“Punting the Pundits” is an Open Thread. It is a selection of editorials and opinions from around the news medium and the internet blogs. The intent is to provide a forum for your reactions and opinions, not just to the opinions presented, but to what ever you find important.
Thanks to ek hornbeck, click on the link and you can access all the past “Punting the Pundits”
Malalai Joya: Kill Teams in Afghanistan: The Truth
The disgusting and heartbreaking photos published last week in the German media, and more recently in Rolling Stone magazine, are finally bringing the grisly truth about the war in Afghanistan to a wider public. All the PR about this war being about democracy and human rights melts into thin air with the pictures of US soldiers posing with the dead and mutilated bodies of innocent Afghan civilians.
I must report that Afghans do not believe this to be a story of a few rogue soldiers. We believe that the brutal actions of these “kill teams” reveal the aggression and racism which is part and parcel of the entire military occupation. While these photos are new, the murder of innocents is not. Such crimes have sparked many protests in Afghanistan and have sharply raised anti-American sentiment among ordinary Afghans.
I am not surprised that the mainstream media in the US has been reluctant to publish these images of the soldiers who made sport out of murdering Afghans. General Petraeus, now in charge of the American-led occupation, is said to place great importance on the “information war” for public opinion – and there is a concerted effort to keep the reality of Afghanistan out of sight in the US.

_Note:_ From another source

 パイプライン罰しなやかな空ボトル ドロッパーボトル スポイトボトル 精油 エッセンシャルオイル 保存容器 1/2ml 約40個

Robert Sheer: Obama’s Fatal Corporate Addiction
If it had been revealed that Jeffrey Immelt once hired an undocumented nanny, or defaulted on his mortgage, he would be forced to resign as head of President Barack Obama’s “Council on Jobs and Competitiveness.” But the fact that General Electric, where Immelt is CEO, didn’t pay taxes on its $14.5 billion profit last year-and indeed is asking for a $3.2 billion tax rebate-has not produced a word of criticism from the president, who in January praised Immelt as a business leader who “understands what it takes for America to compete in the global economy.”

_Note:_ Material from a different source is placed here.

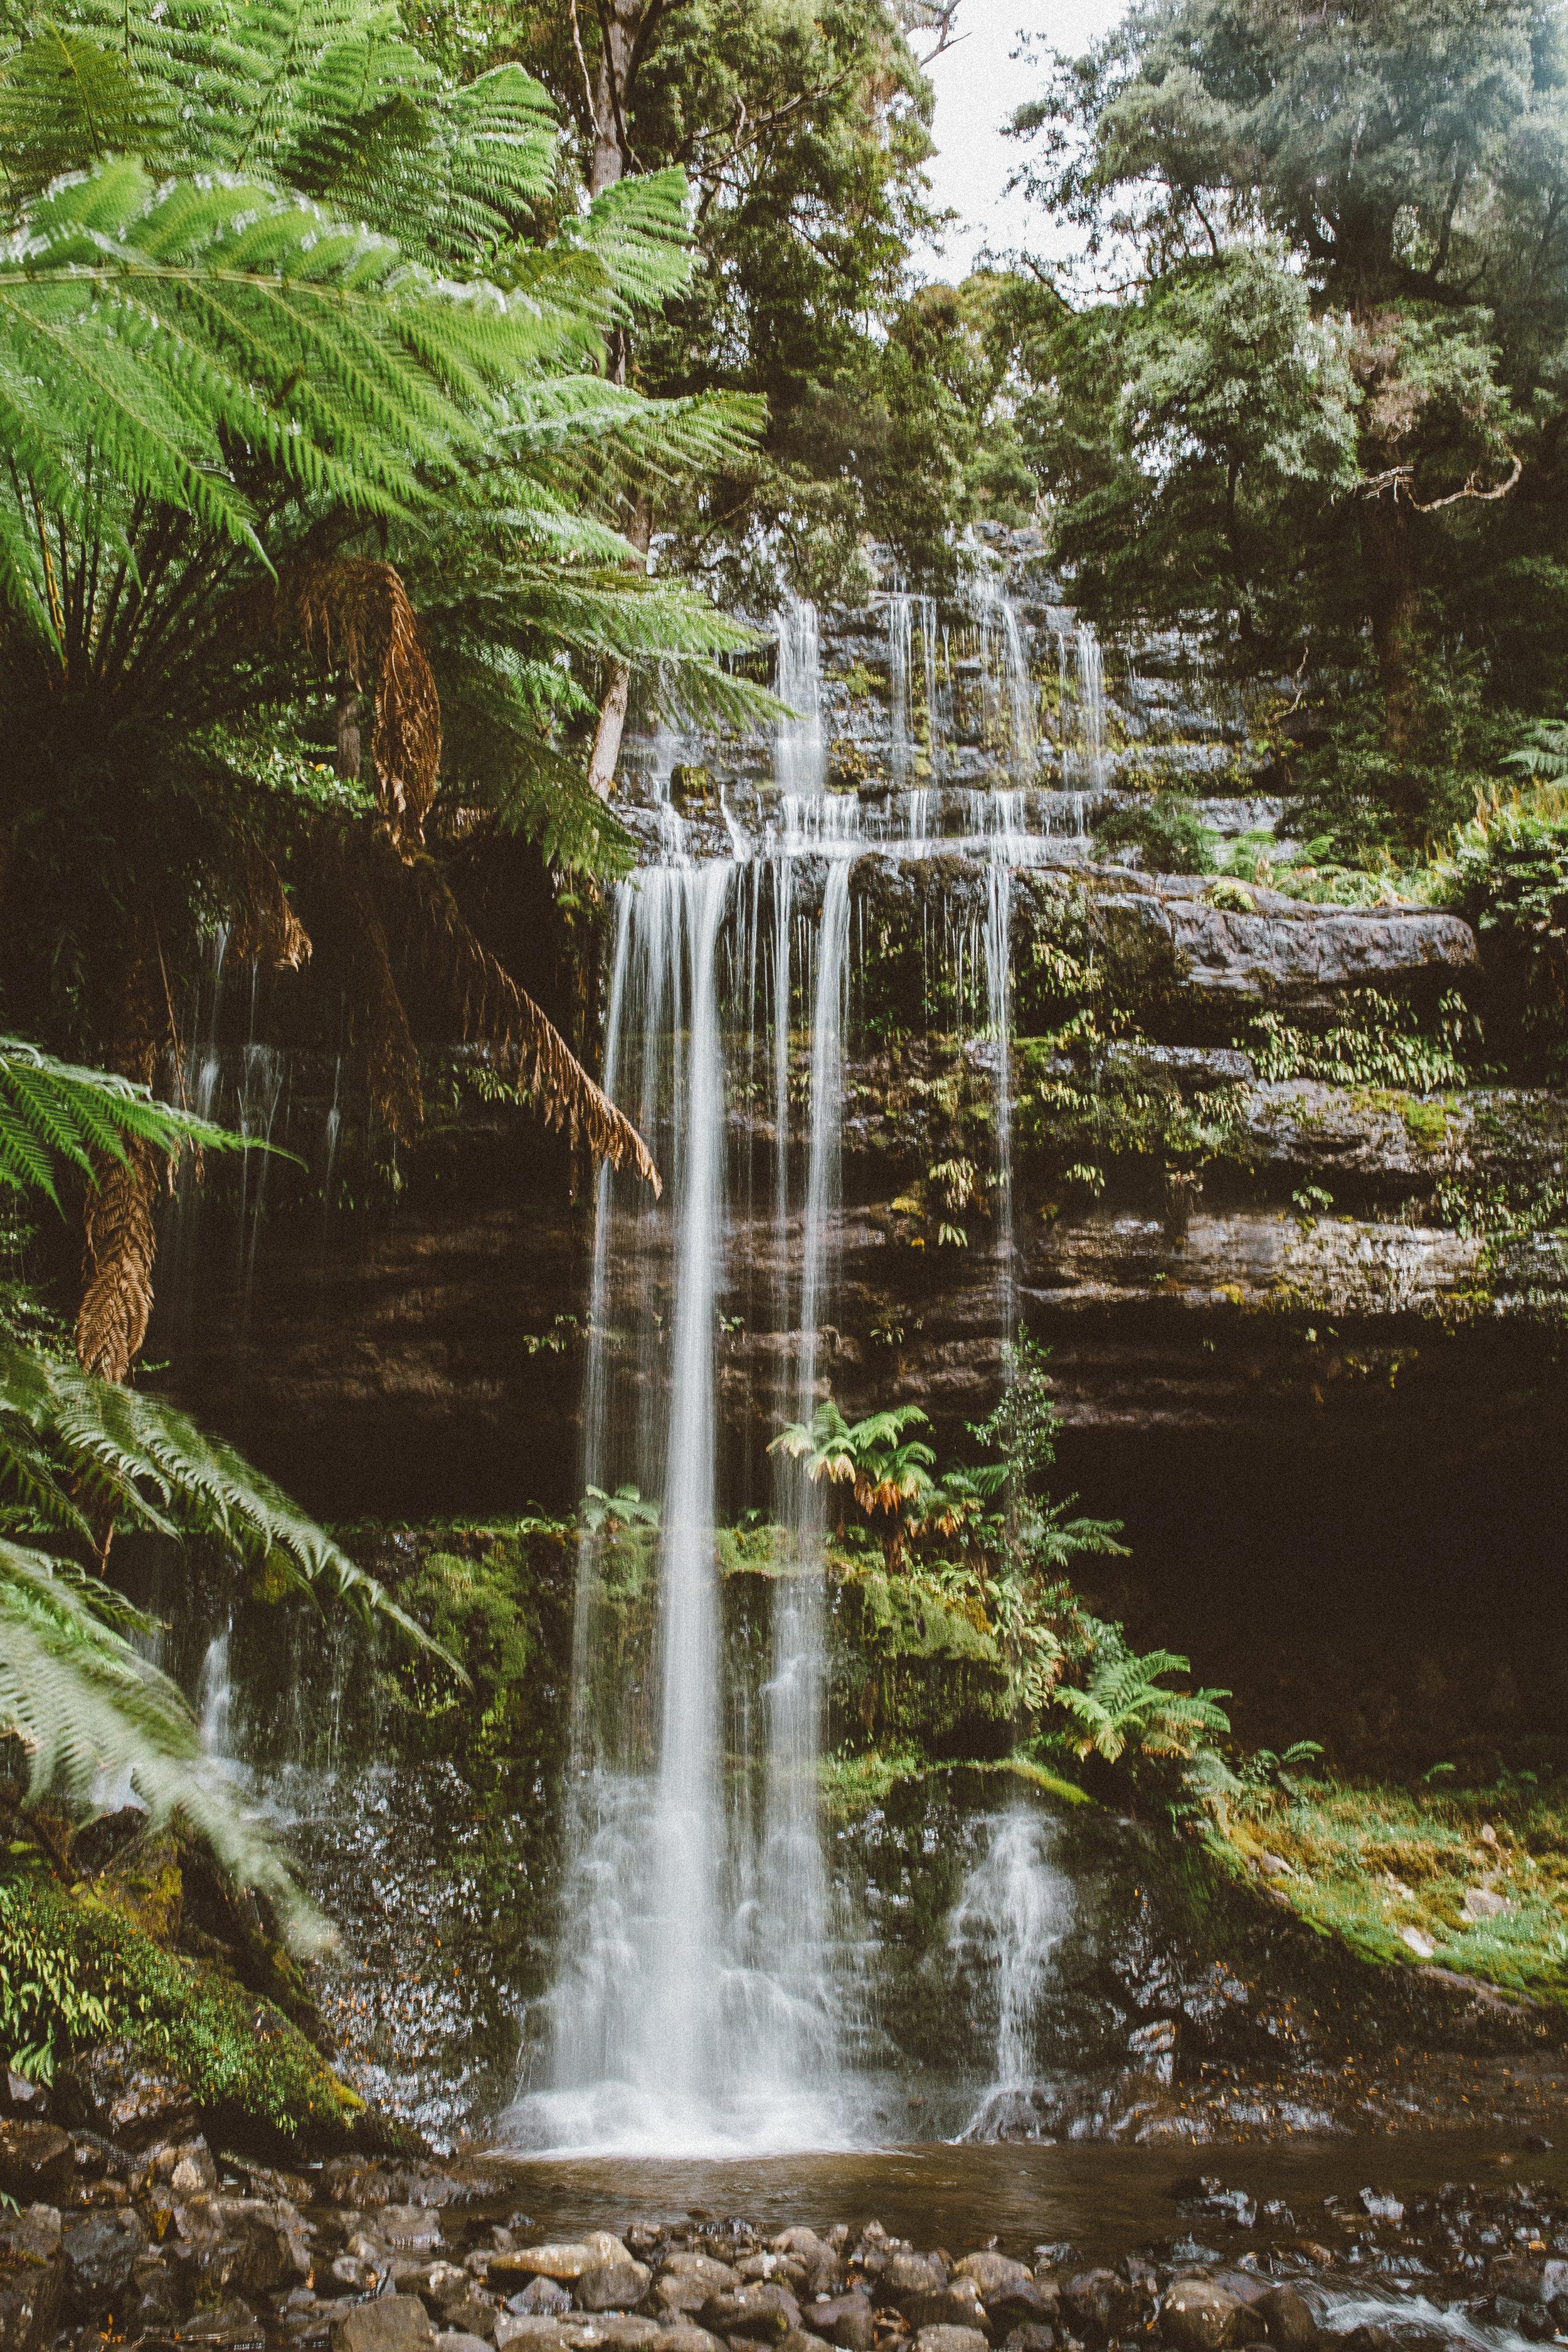 russell-falls-tasmania-mount-field-national-park.jpg

What it takes, evidently, is shifting profit and jobs abroad: Only one out of three GE workers is now based in the U.S., and almost two-thirds of the company’s profit is sheltered in its foreign operations. Thanks to changes in the tax law engineered when another avowedly pro-business Democrat, Bill Clinton, was president, U.S. multinational financial companies can avoid taxes on their international scams. And financial scams are what GE excelled in for decades, when GE Capital, its financial unit, which specialized in credit card, consumer loan and housing mortgage debt, accounted for most of GE’s profits.

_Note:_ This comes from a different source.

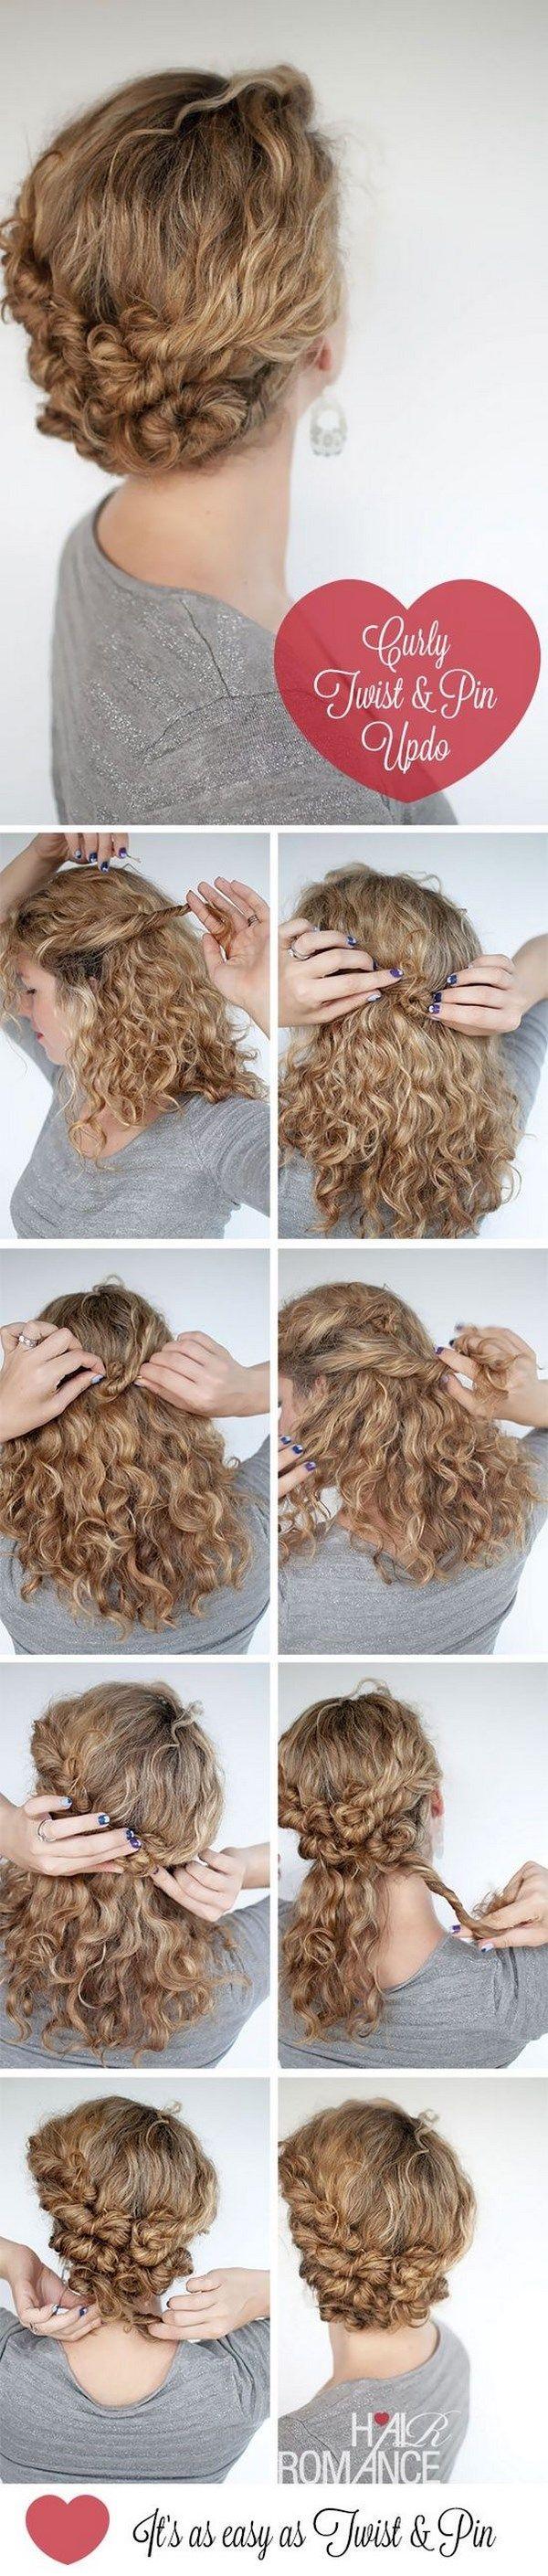 peinado recogido para cabello con rizos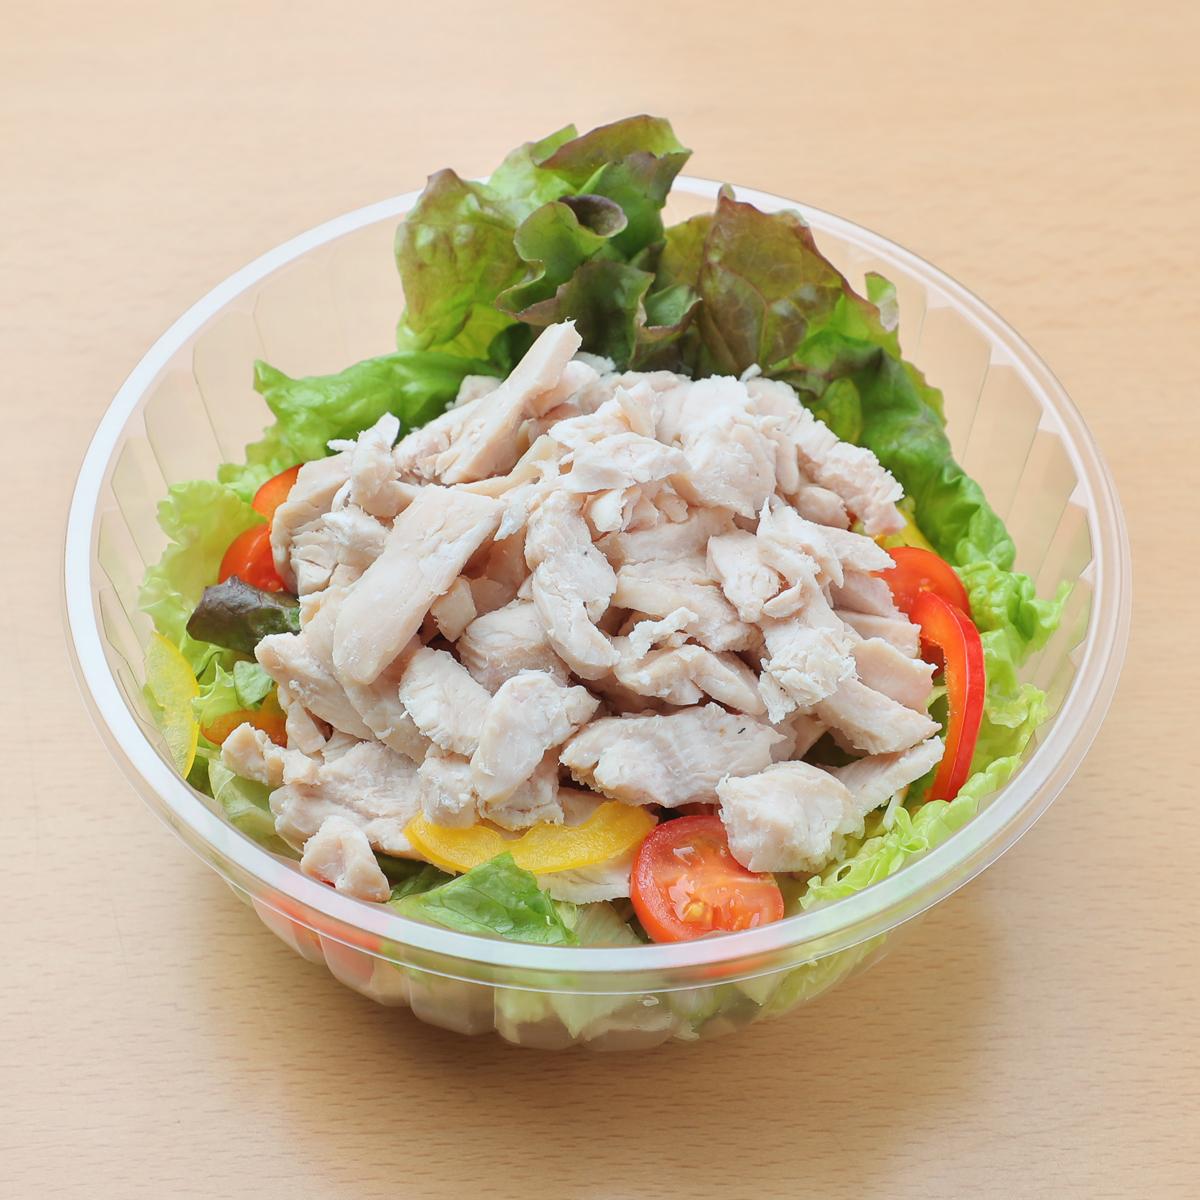 ⿃むね(サラダチキン) 680円

Jeremy Scahill: The Dangerous US Game in Yemen
For months, thousands of Yemenis had taken to the streets demanding that Saleh step down, and the regime had responded consistently with defiance and brute force. But on March 21, a severe blow was dealt to Saleh that may prove to be the strike that sparked the hemorrhaging that ultimately brought down his regime. That day, the most powerful figure in Yemen’s military, Gen. Ali Muhsin al-Ahmar, commander of the First Armored Division, threw his support behind the protests and vowed to defend Yemen’s “peaceful youth revolution.” Other senior military figures soon followed suit. Senior civilian officials, including scores of ambassadors and diplomats, announced their resignations. Important tribal leaders, long the most crucial element of Saleh’s grip on power, swung to the opposition.